Start of Block
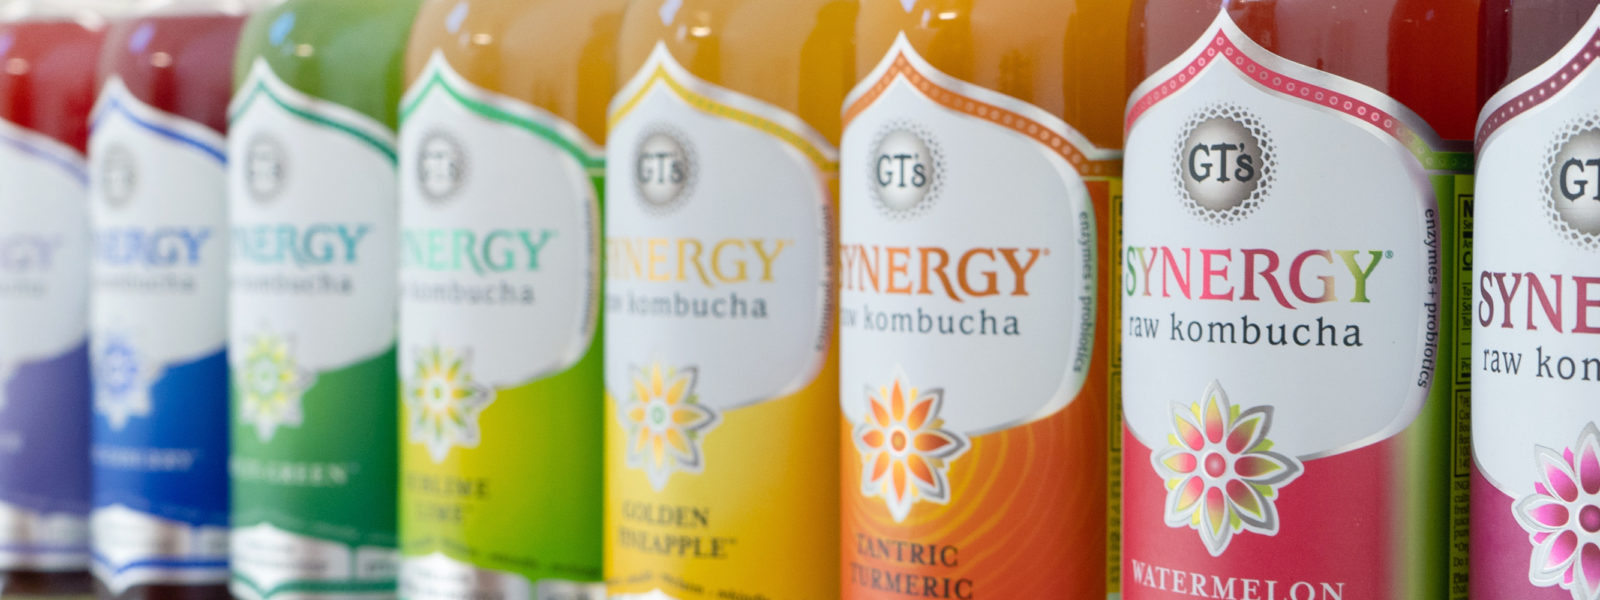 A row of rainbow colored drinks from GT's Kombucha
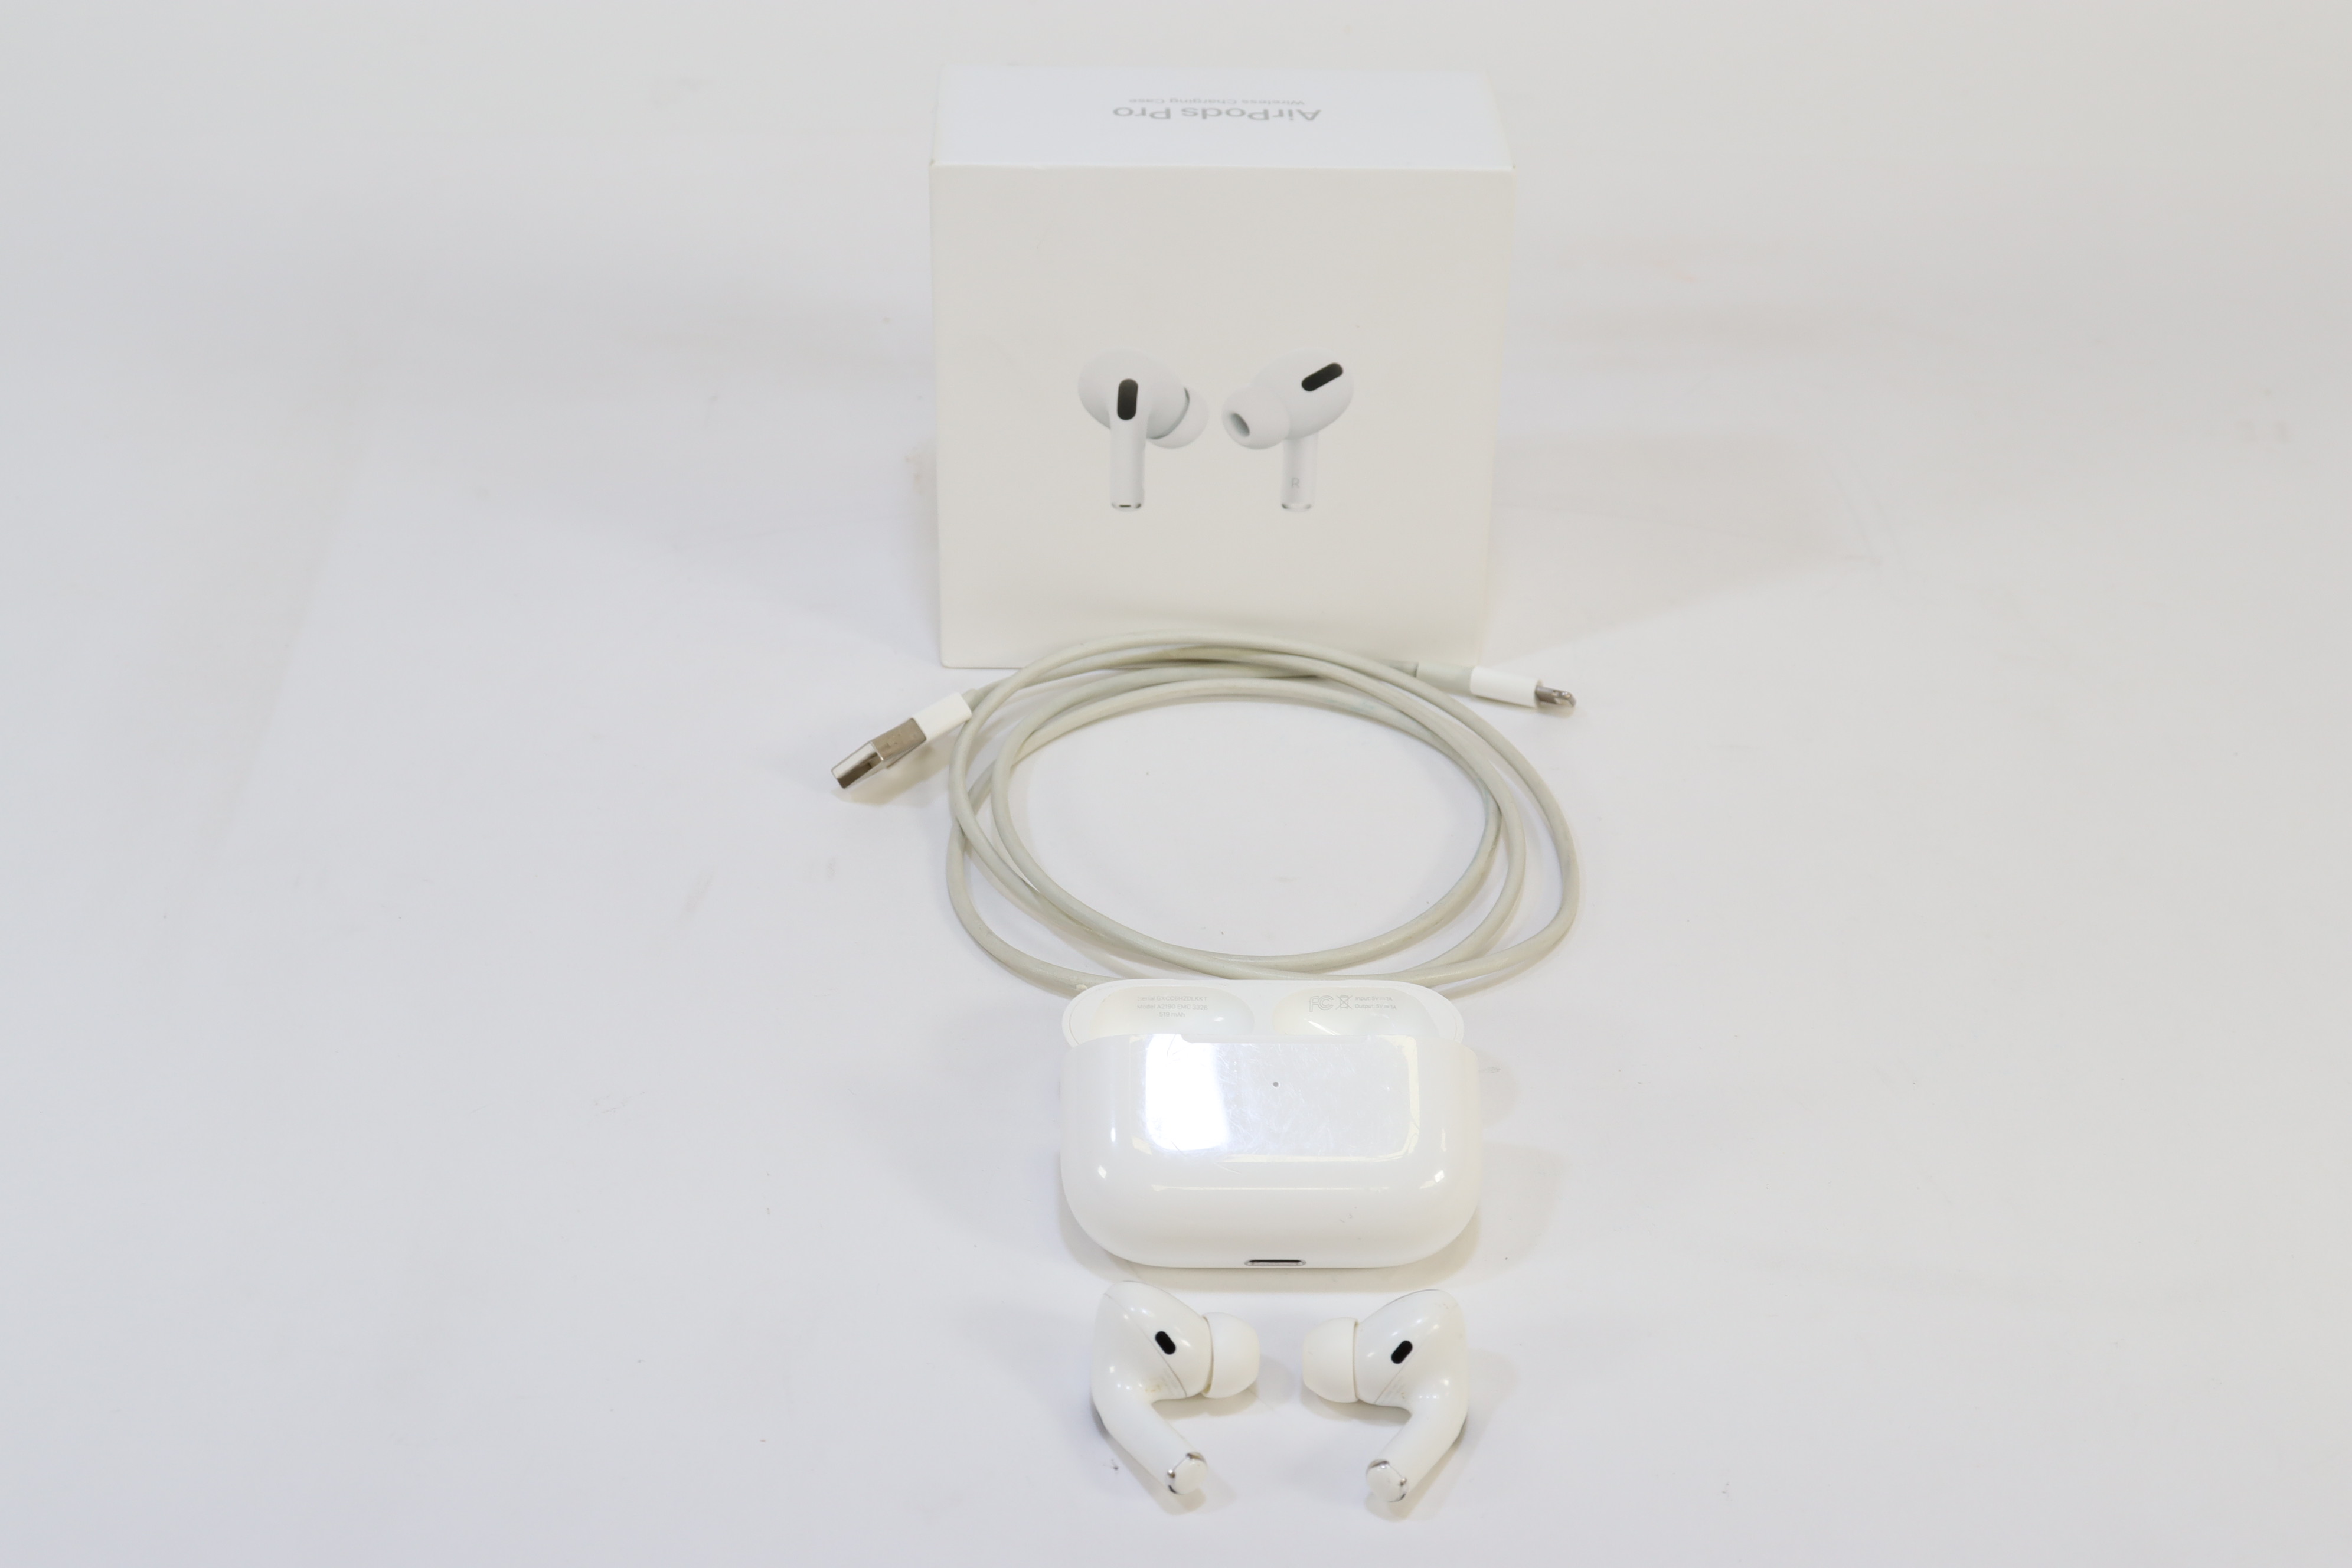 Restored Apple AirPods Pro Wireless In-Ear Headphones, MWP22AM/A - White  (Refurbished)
End of Block
Start of Block
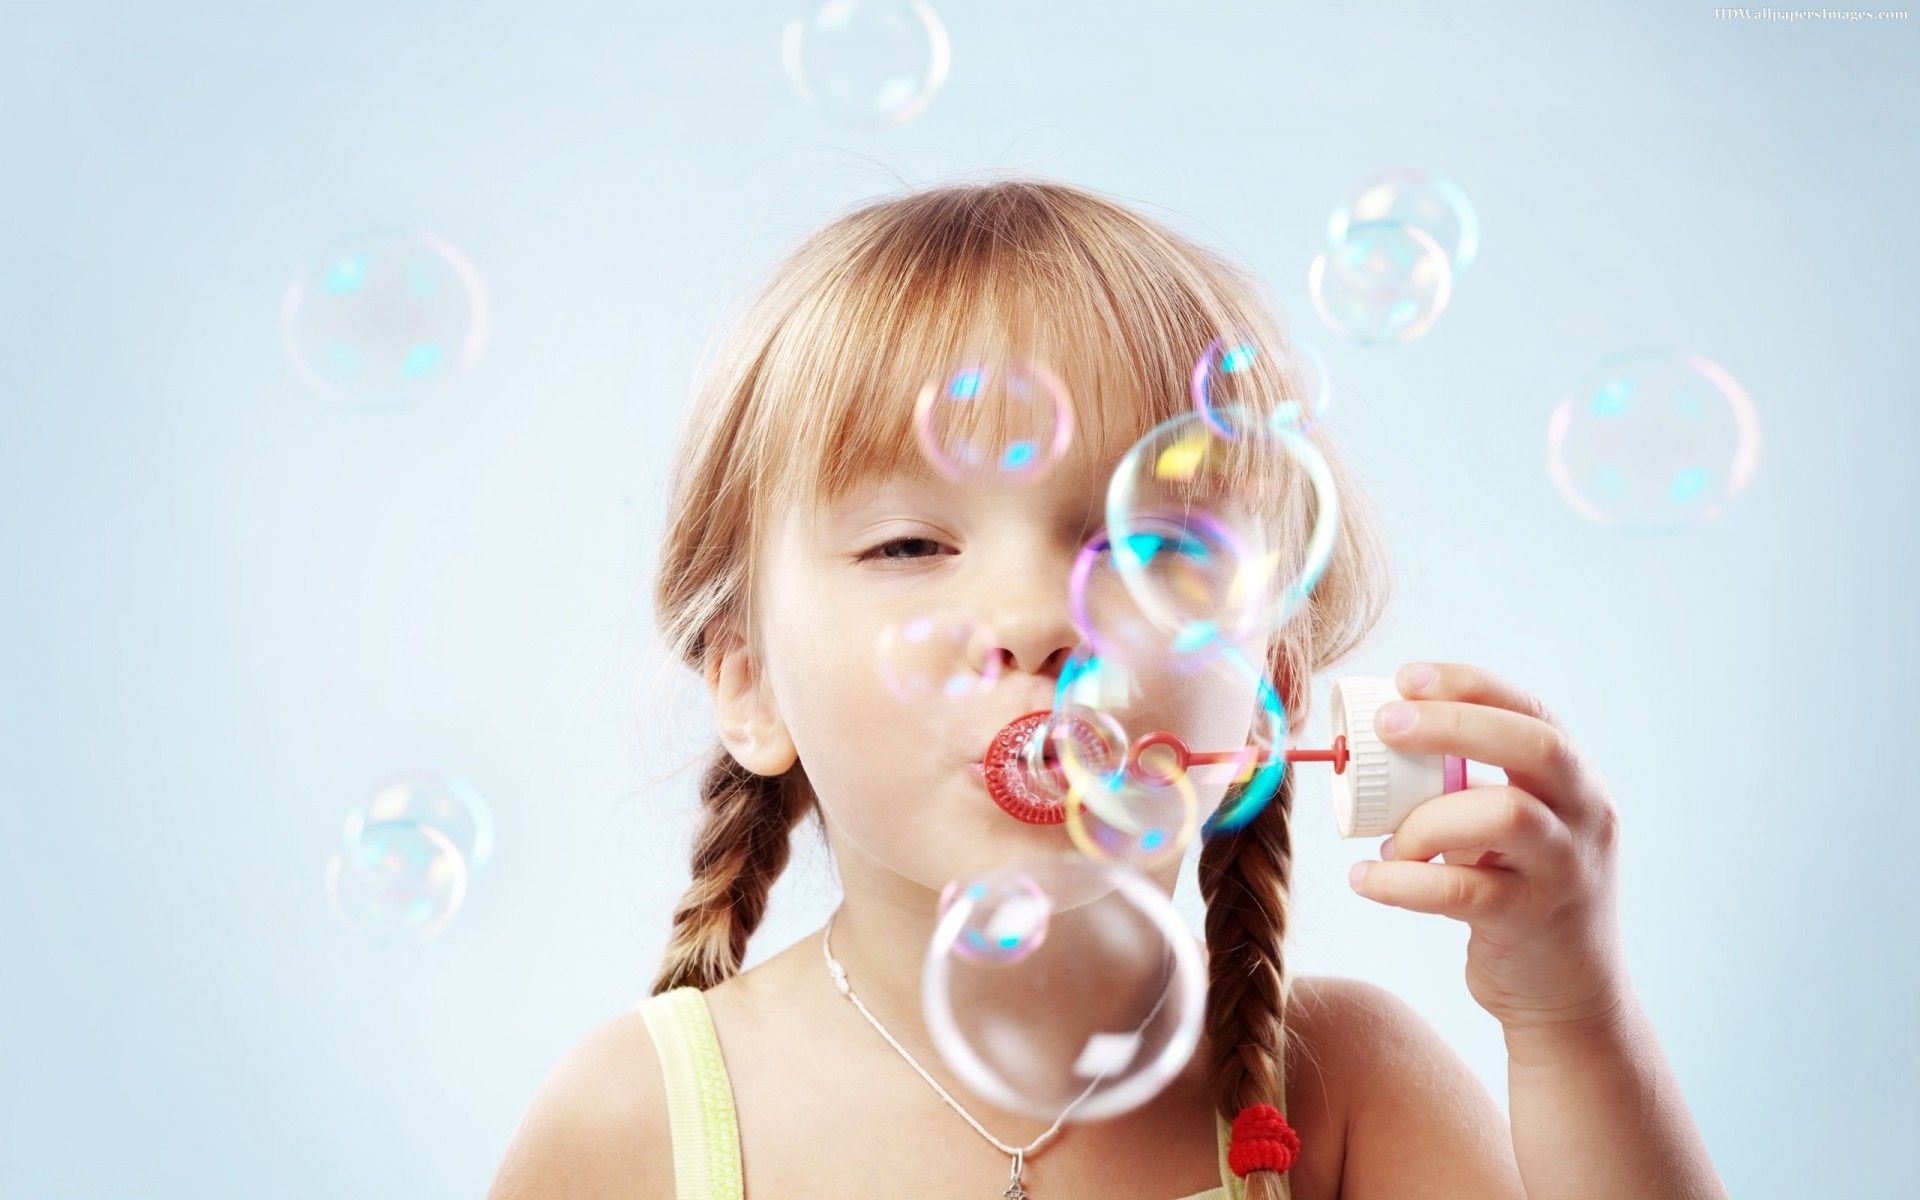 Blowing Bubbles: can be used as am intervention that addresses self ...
End of Block
> **Exercise directions**:
Please output the lines above beginning at the line with "A row of rainbow" and ending after the line with "Restored Apple AirPods", precisely as written and with no pictures.

> **Answer to the exercise**:
 A row of rainbow colored drinks from GT's Kombucha
 Restored Apple AirPods Pro Wireless In-Ear Headphones, MWP22AM/A - White  (Refurbished)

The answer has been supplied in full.